I’ve already written an article about gun violence this year, yet I honestly don’t remember which mass shooting it was in response to. If my column is true to its name, the politics of mass shootings should pop up with saddening frequency, for every week it seems the topic is relevant. Accounts and images of last week’s tragedy in Florida burn fresh enough in my mind that it would be disingenuous to write about anything else, but the politics of mass shootings are dynamic enough that I can still write without fear of sounding redundant. Based off reactions to the Parkland shooting, it seems as if the gun control movement has now gained traction and is unlikely to falter with the typical haste. This is unequivocally a step in the right direction and I lend the push my full support. However, truly curbing American violence will require more than just adapting gun laws—it will require some serious self-reflection on this country and our place in it.
Much of the media is quick to diagnose mental illness as an explanation for indiscriminate violence, especially when the perpetrator is white. Although this is undoubtedly a factor in many of these shootings, we cannot treat it as a motive. Mental illness is not a reasoning for violence, even if it may be a catalyst. When a shooter is a person of color, of course, “motives” are quick to be identified and pretenses of insanity abandoned. In a country where non-white culture is scrutinized and demonized, any violence that emerges from such culture is immediately turned around to justify pre-existing bigotry. A Muslim shooter is not mentally ill; they are a terrorist operating under the banner of Islam. A black shooter is not a disturbed child; they are a savage thug radicalized in a culture that glorifies violence. A Latinx shooter is not an enigma; after all, we have been taught to fear such dangerous immigrants. This is what we are told.

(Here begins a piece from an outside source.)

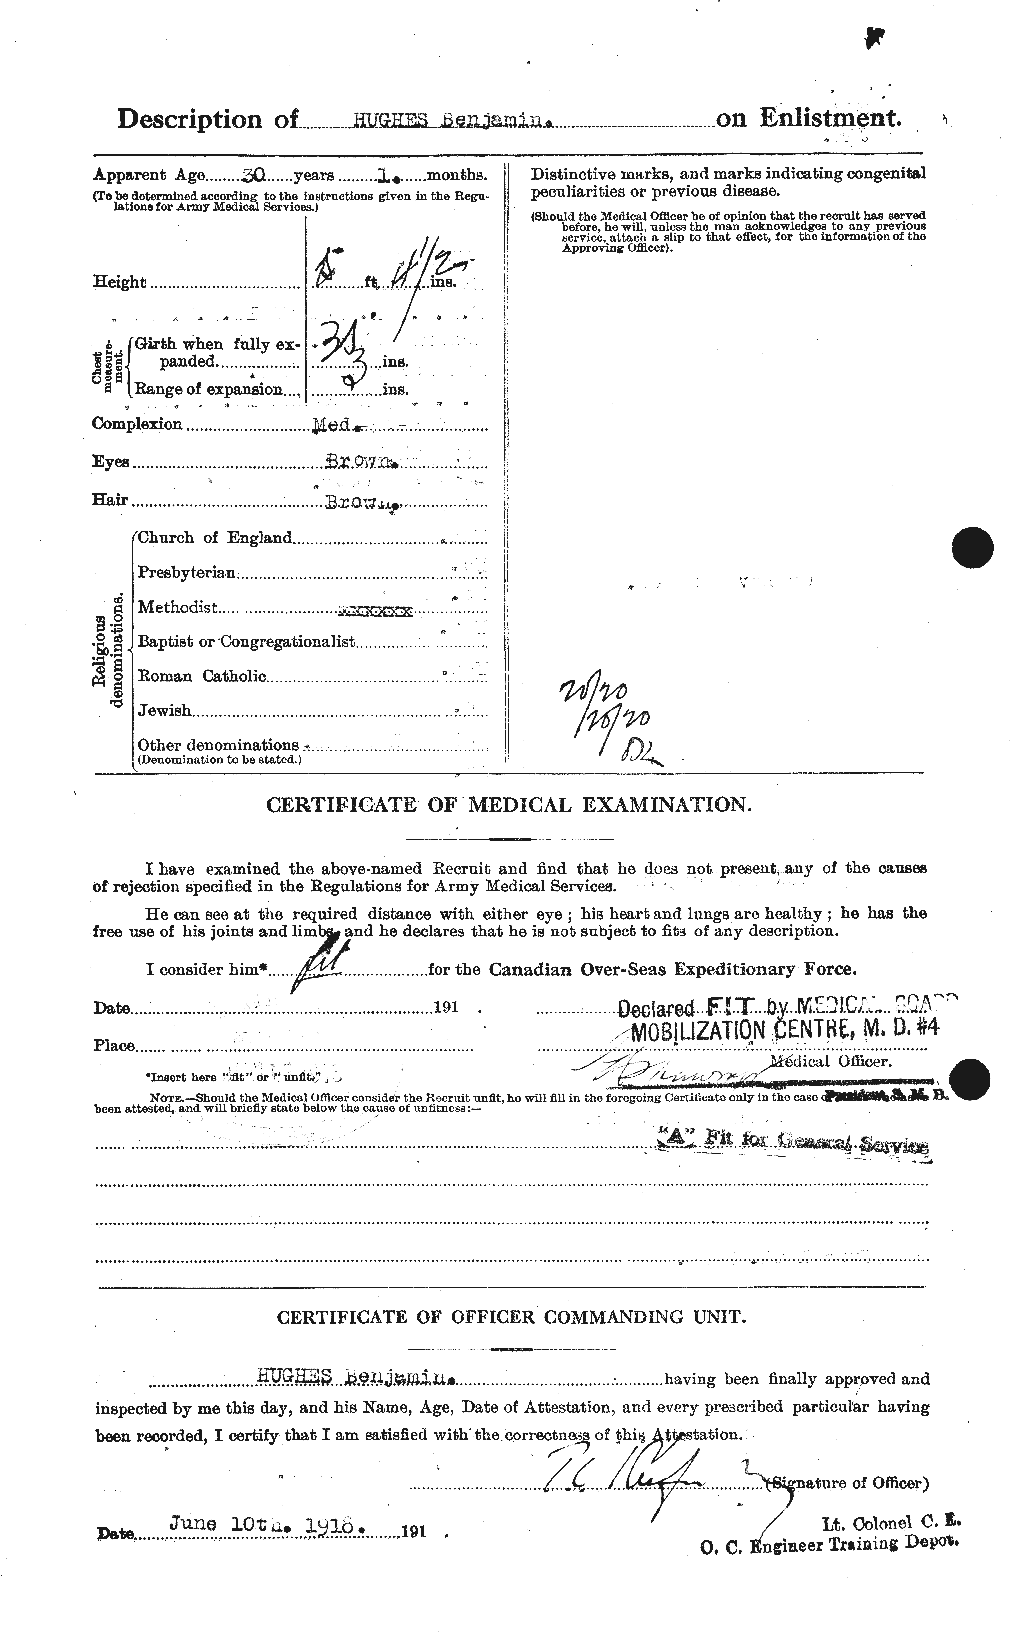 Personnel Records of the First World War - CEF 402576b

If those crimes are so easily simplified, why do we then find it so hard to explain white violence? Why is the justification of mental illness reserved to the parameters of white skin?
We know there’s more to the equation, but our country has never been keen on the self-reflection needed to answer these questions. Recognizing the deep flaws in America is an unspoken taboo across many communities, just as it is in Washington. The incessant whine for reaffirmation of American excellence not only drowns out dissent, but actively works to silence it. Because of this pressure, we’ve been told to end every criticism of American culture with a “but.” “But America is still the greatest country in the world!” the politicians say, worried they’ve gone too far in a critique. This restraint is not shown in critiques of minority cultures, of course, they’re fair game for unbridled hostility. Why the disparity?
Perhaps it’s because “American Culture” is still synonymous with “white American culture.” We know whiteness to be an insulator against criticism and scrutiny. Nikolas Cruz embodies this privilege. As Shaun King writes in The Intercept, “An apparent white supremacist can go through life making threats, talking about weapons, harassing people, warning that he would be a school shooter, have people call the FBI on him and yet never get serious scrutiny from just about anyone. There were just no consequences.”
Violence affiliated with white-supremacist and white-nationalist groups has skyrocketed over the past few years, yet a large contingent of the American political landscape remains locked in a desperate attempt to funnel the anger and hysteria towards immigrant populations and Muslims. If we admit that “patriotic” white Americans can be a threat to national security, we smash through both the facade of American excellence and the underlying belief that White American culture is the most proper, most wholesome culture around. To many, such an admission might seem incomprehensible—justifications for institutionalized racism and household bigotry alike often stem from this sense of white American cultural superiority and are deeply ingrained in the threadwork of American life.
So, even if access to guns becomes severely restricted, the underlying violence that our country is built on will persist—violence that has nothing to do with mental illness. White supremacy will still pose a physical threat to the safety of Americans and misplaced assertions of American excellence will still pose a threat to people across the world. Gun control is just the first step in a peacemaking process that will require uncomfortable conversations, confrontations and personal reflection. We have the courage to take on the NRA—but do we have the courage to take on ourselves?